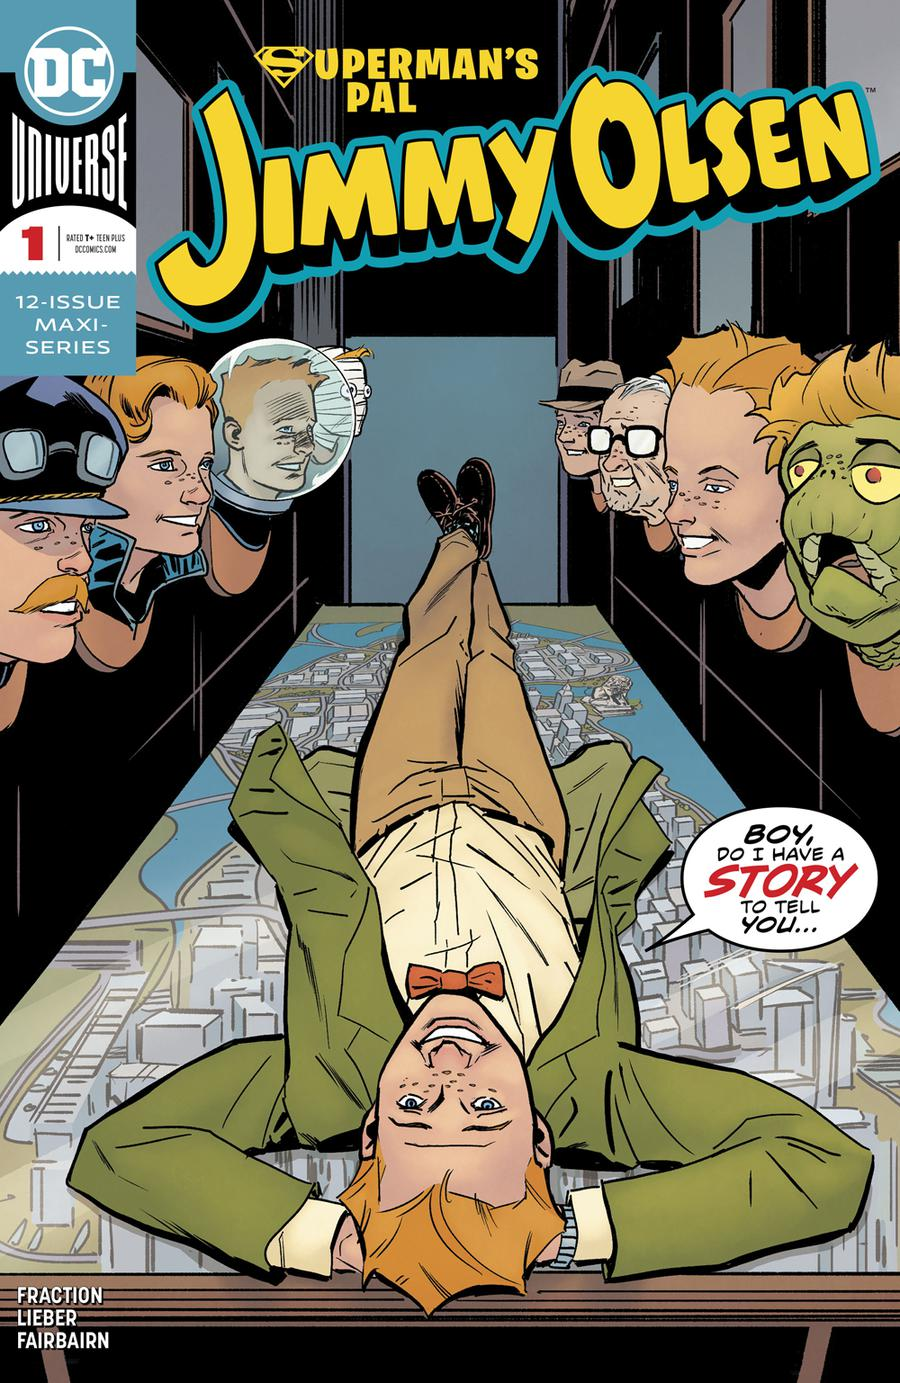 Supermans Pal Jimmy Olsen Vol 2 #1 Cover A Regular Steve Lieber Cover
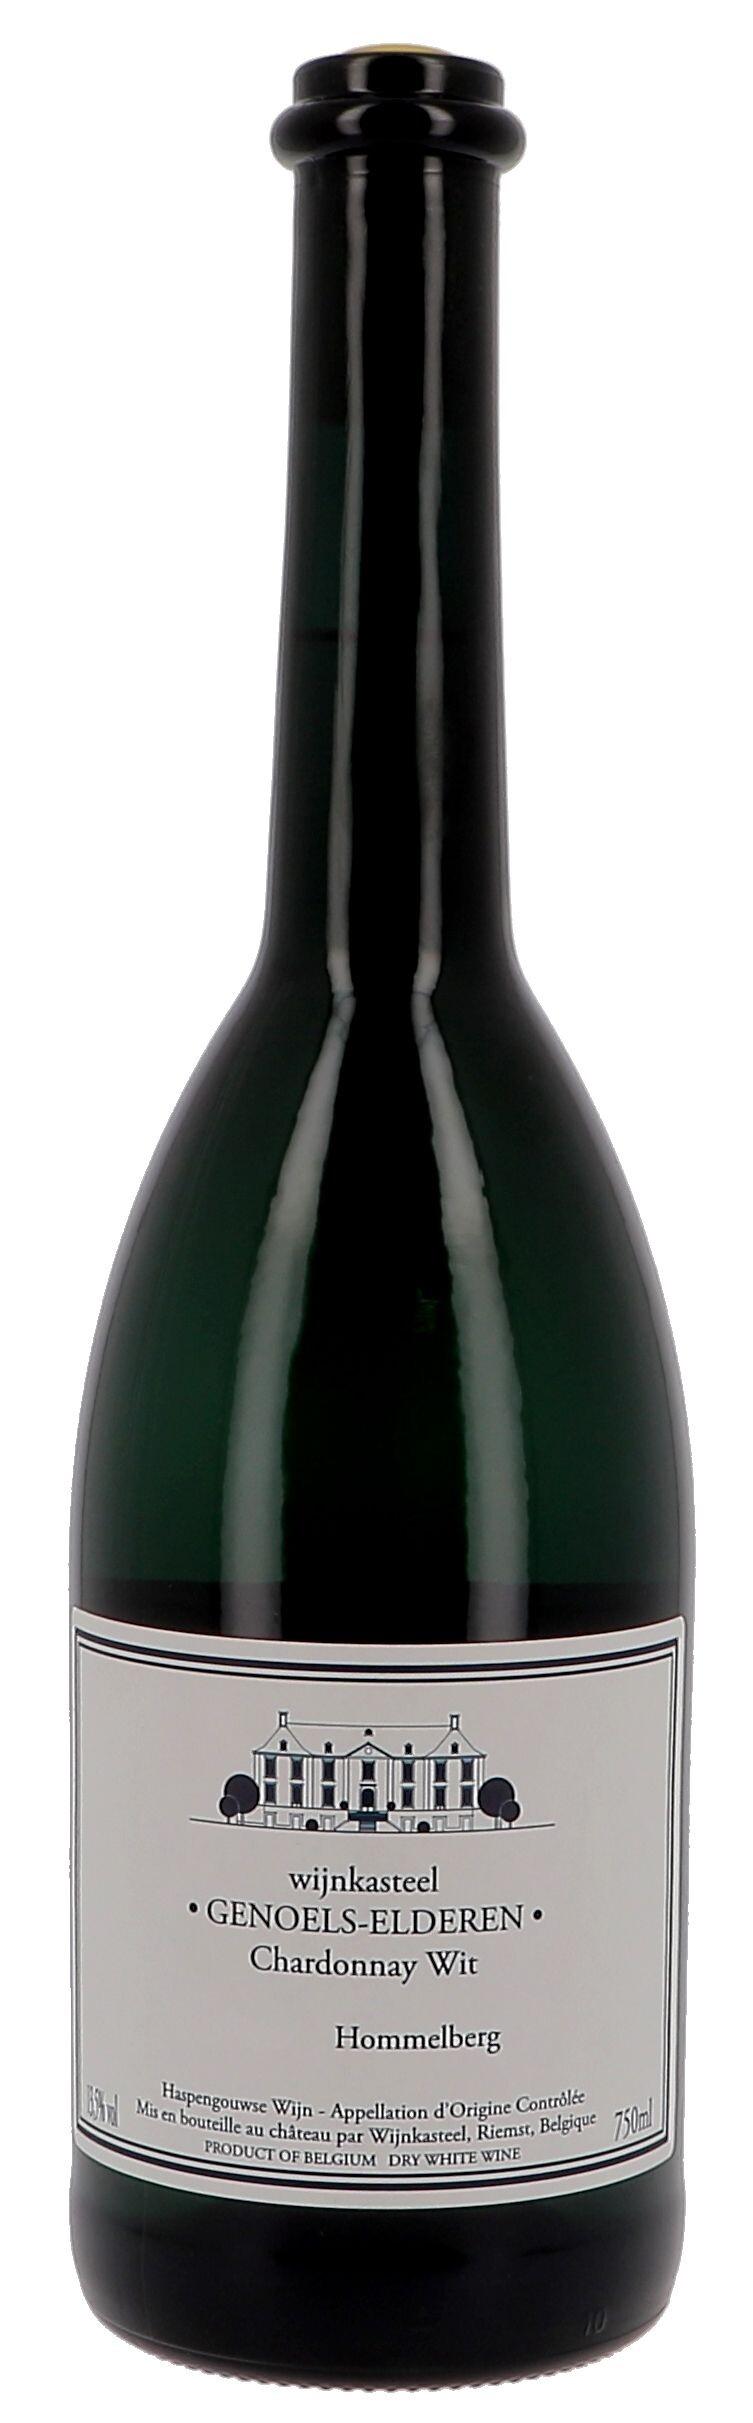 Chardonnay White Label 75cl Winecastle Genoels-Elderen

★ ★ ★ ★ ★

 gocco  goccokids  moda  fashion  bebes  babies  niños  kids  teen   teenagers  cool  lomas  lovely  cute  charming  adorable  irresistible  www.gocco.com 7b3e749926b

★ ★ ★ ★ ★

§ What is expected: In the data above, retype only the stretch from the line with "Supermans Pal Jimmy" through the line with "Chardonnay White Label", word for word, and skip any pictures.

§ Answer to the problem:
 Supermans Pal Jimmy Olsen Vol 2 #1 Cover A Regular Steve Lieber Cover
 Chardonnay White Label 75cl Winecastle Genoels-Elderen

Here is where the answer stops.